Categorized | General Interest

Goldman Thieves Have To Pass on Bonuses, And Was A Crime Committed?

   So much to read this morning. But, Goldman Sachs is all over the place so let’s check in on one of our great financial manipulators of recent times. The big news–front page of the Financial Times, big story on the Wall Street Journal’s website and front page of the business section in The NY Times:

As public scrutiny of Wall Street pay intensifies, one bank has already decided what it will award in bonuses to its top seven executives this year: nothing.

Top executives at Goldman Sachs sent a request to the company’s directors on Sunday asking that they receive no bonus pay for their work in 2008, and the directors agreed, a company spokesman said.
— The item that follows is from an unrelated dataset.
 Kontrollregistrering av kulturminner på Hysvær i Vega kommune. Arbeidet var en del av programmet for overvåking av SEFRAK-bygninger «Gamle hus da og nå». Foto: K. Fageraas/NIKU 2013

The decision is likely to put heavy pressure on Goldman Sachs’s competitors, including Morgan Stanley, to take similar action as they decide on year-end bonus figures in the coming weeks.

   Now, before we start nominating these people for sainthood, keep in mind a couple of things:

1. These executives took home tens of millions of dollars in past years. In fact, in 2007:

In the last several years, Goldman Sachs has posted some of the biggest profits and paid out some of the biggest bonuses in Wall Street history. The company’s chief executive, Lloyd C. Blankfein, received a salary and bonus package last year worth $68.5 million. Goldman Sachs paid its two co-presidents, Gary D. Cohn and Jon Winkelried, around $67.5 million each last year, more than most chief executives. All three will receive no bonuses this year.
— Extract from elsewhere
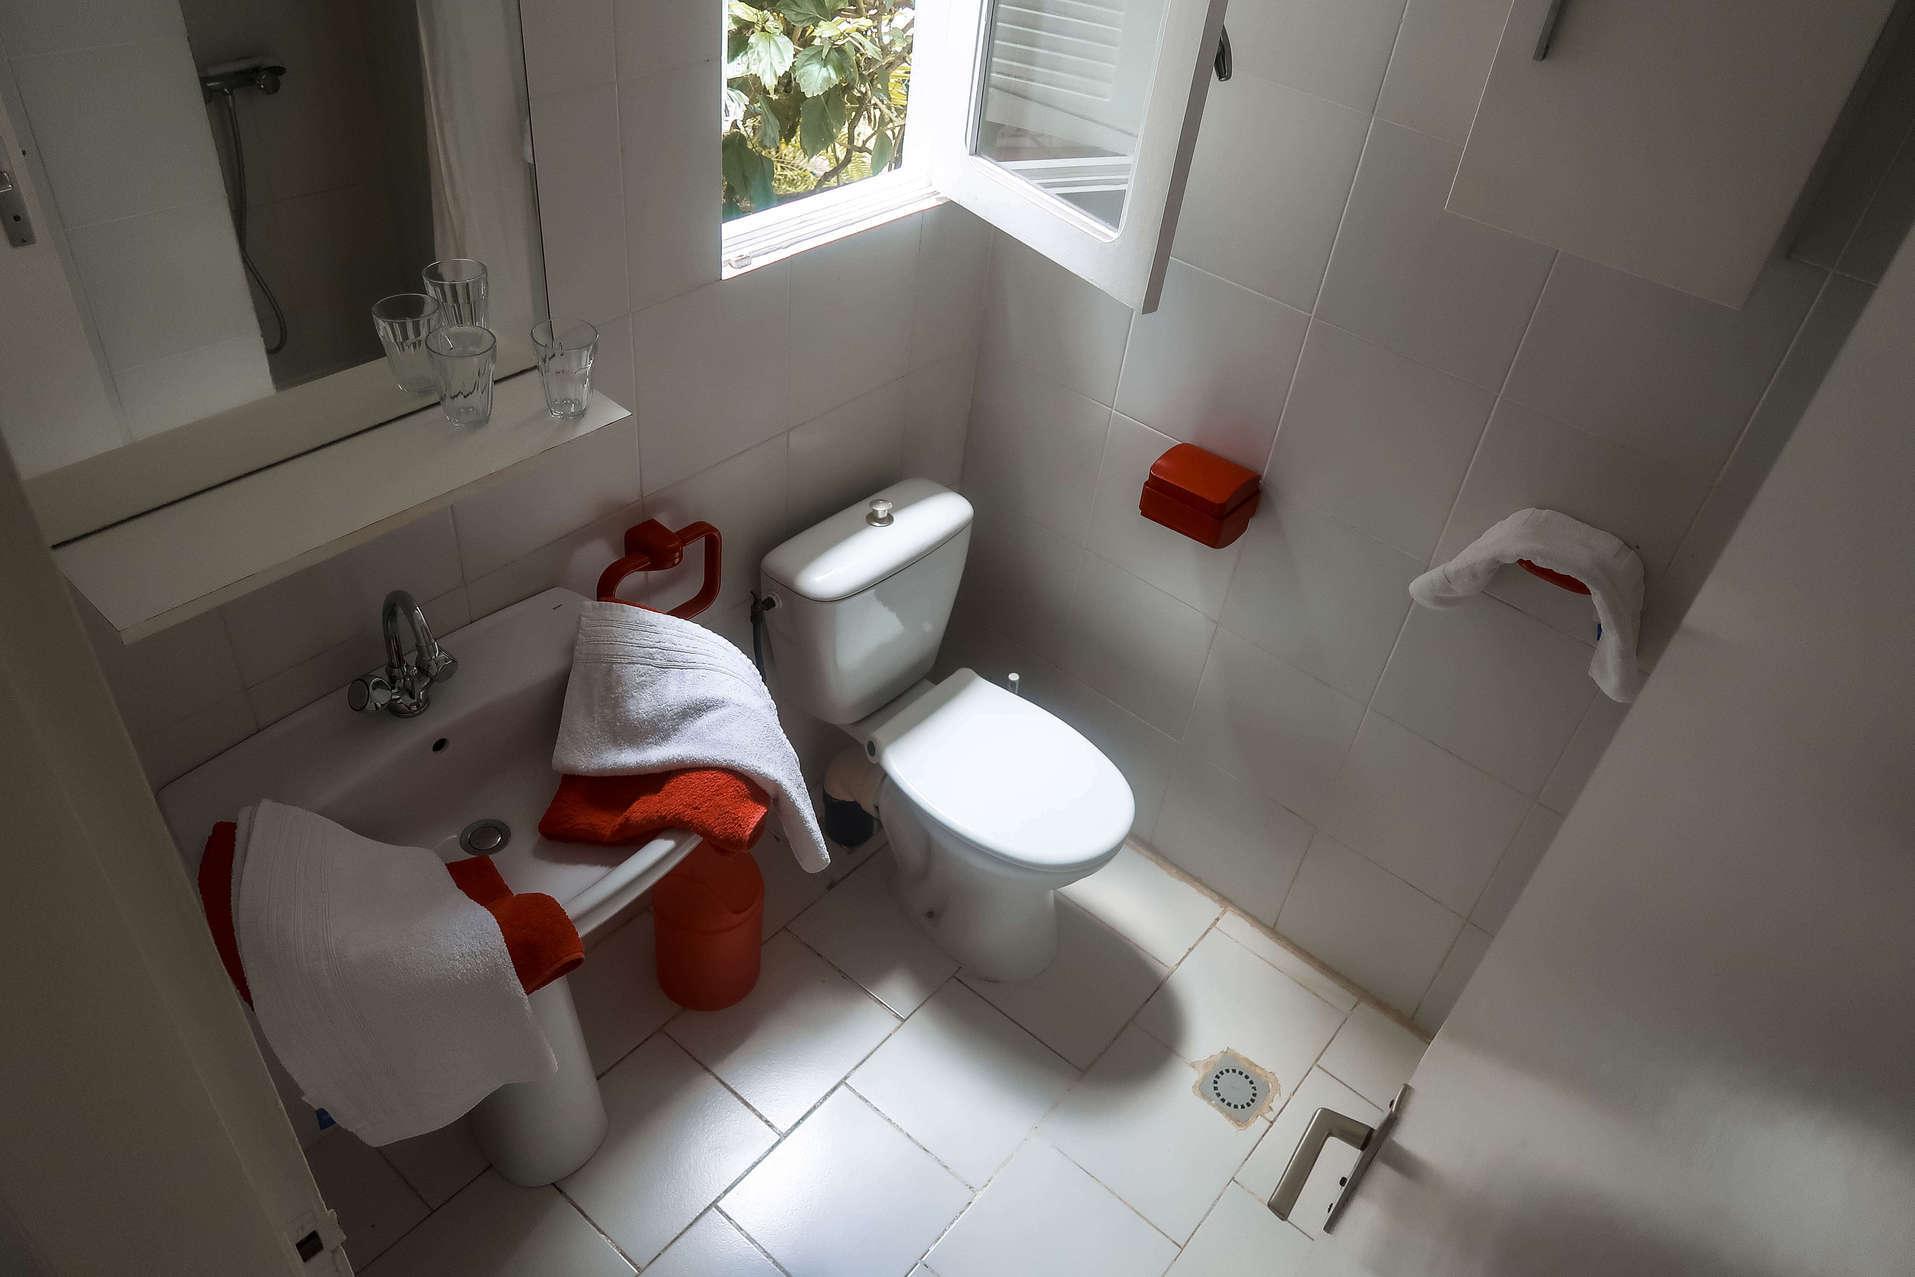 habitation-abricot-location-saisonniere-studio-vue-salle-de-bain

2. Really, they should be in jail. Not taking home big bonuses is no substitute for the trillions of dollars in value that went poof in the past year, in large part because these thieves engaged in completely irresponsible behavior so they could report huge profits and haul off piles of cash.

   And maybe we will get our wish because speaking of illegal behavior, the Financial Times has this story:

A senior Republican senator is seeking an investigation into potential conflicts of interest among former Goldman Sachs executives serving at the US Treasury and whether any officials exceeded their authority by implementing a controversial tax change without the approval of Congress.

Chuck Grassley, the most senior Republican on the Senate finance committee, asked Eric Thorson, inspector-general of the Treasury, to investigate the "independence" of several Treasury officials who formerly worked at Goldman Sachs and serve as advisers to Treasury secretary Hank Paulson, the former chief executive of the Wall Street bank.

   What did they do?

   Mr Grassley is specifically concerned with a change in the tax code the Treasury initiated in late September that saved some institutions tens of billions of dollars and paved the way for Wells Fargo’s acquisition of Wachovia.

   Ah, yes, so to compound the mess they made, these Goldman Sachs former execs may have also helped drain the Treasury of billions of dollars–money that won’t be there for education, health care, fixing our roads and the other things that the other 99 percent of the people need.